FitBit kicks out pedometer patent at Fed Circuit
FitBit has scored a patent invalidation win at the US Court of Appeals for the Federal Circuit over patent assertion entity Blackbird Technologies.
In an opinion issued last Thursday, August 6, the Federal Circuit affirmed the Patent Trial and Appeal Board’s decision to invalidate a claim of a pedometer patent (US number 6,434,212).
The patent covers technology including a step counter, a wearable receiver, and a data processor designed to calculate metrics such as distance travelled and speed.

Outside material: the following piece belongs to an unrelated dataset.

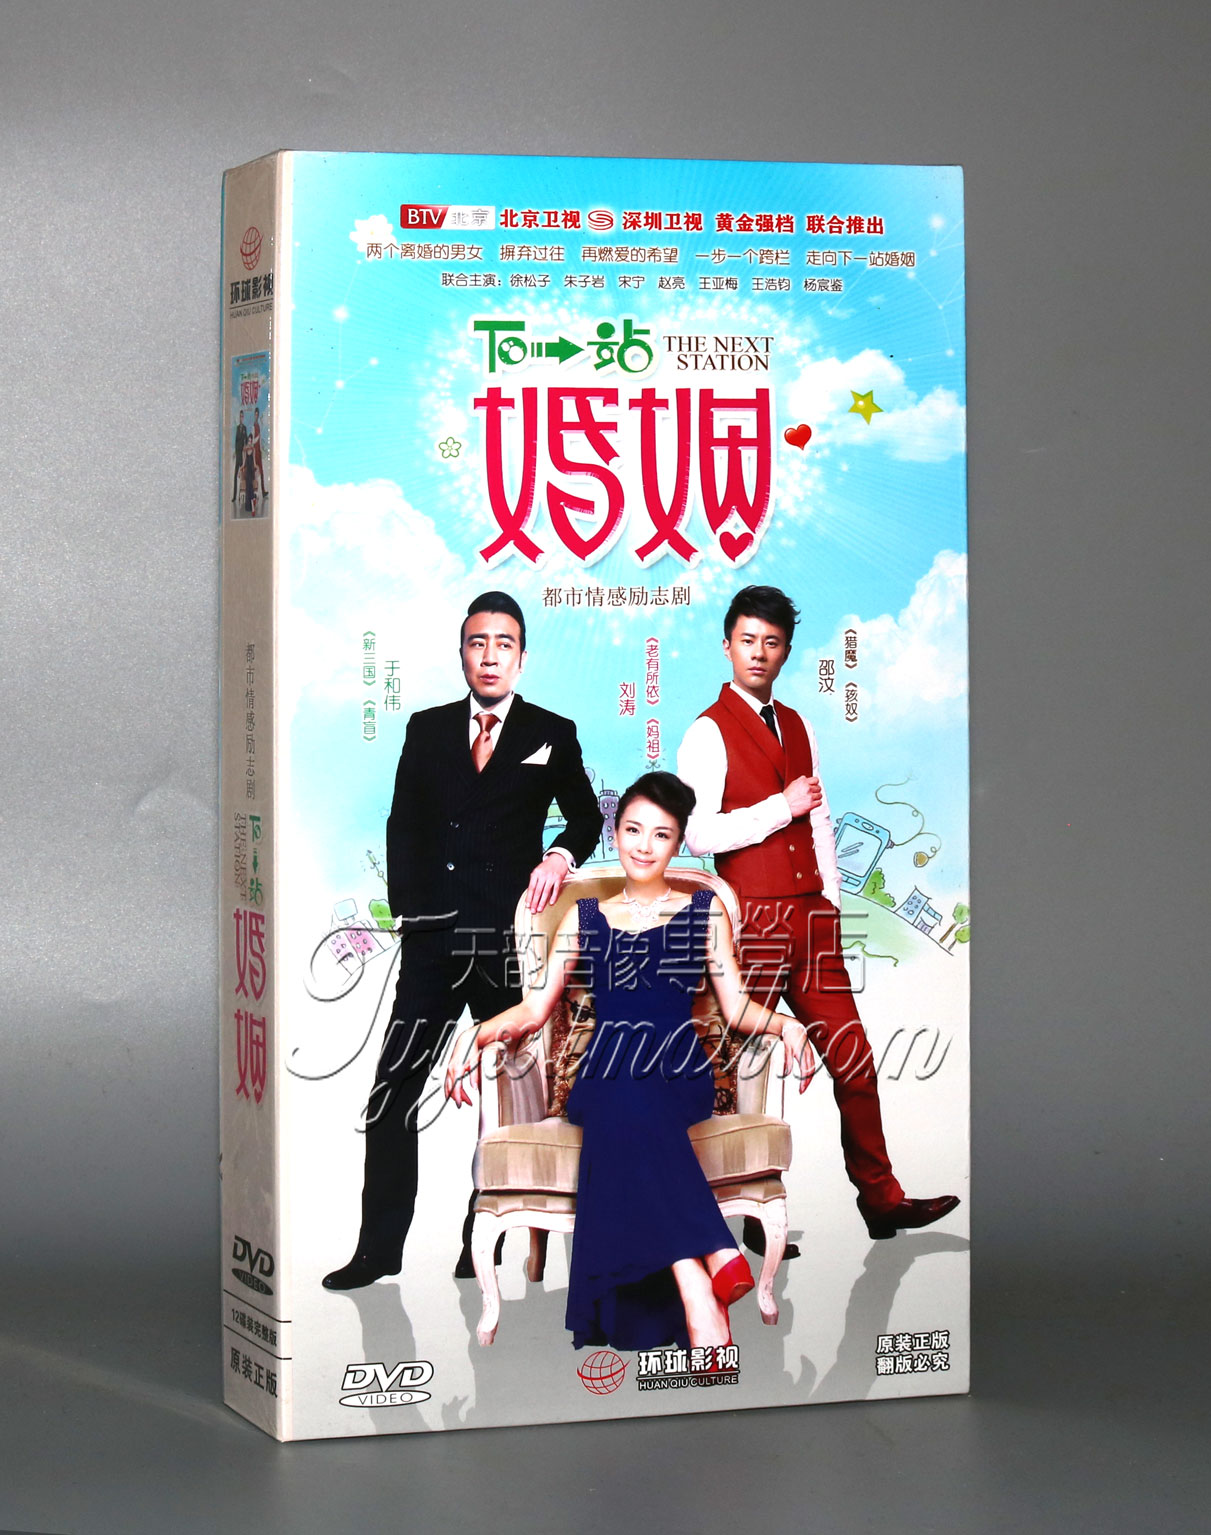 正版电视剧碟片DVD光盘 下一站婚姻 经济版 8DVD 于和伟 刘涛

FitBit filed a petition at the PTAB for inter partes review (IPR) of claims 2, 5, and 6 of the ‘212 patent in 2017.
The sports devices manufacturer unsuccessfully argued that claims 2 and 5 of the patent were obvious in light of a US patent referred to as ‘Amano’ (number 6,241,684).
But the PTAB did invalidate claim 6 as obvious in light of Amano, in combination with another US patent known as ‘Kato’ (number 5,033,013).
Blackbird appealed this element of the decision to the Federal Circuit, arguing that Kato does not disclose a “data processor programmed to calculate a distance travelled by multiplying a number of steps counted by a stride length”.
According to Blackbird, the PTAB was obligated to explain why a person of ordinary skill in the art would have used a particular equation, cited in Kato, for calculating distance.
Blackbird claimed that the PTAB had “worked backward, with knowledge of the claimed invention, to modify the reference in such a way so as to arrive at the claimed invention”.
But the Federal Circuit disagreed, and backed the PTAB’s original conclusion that a person of ordinary skill in the art would have arrived at the claimed invention on the bases of the Amano/Kato combination.
It is another Federal Circuit defeat for Blackbird after the company was ordered to pay attorneys’ fees for its “ frivolous” litigation last December.
The Federal Circuit, on that occasion, held that Blackbird put forward “meritless” infringement claims in a lawsuit against Health In Motion and Leisure Fitness Equipment.
Blackbird was ordered to pay $363,243 to cover the defendants’ attorney fees and expenses.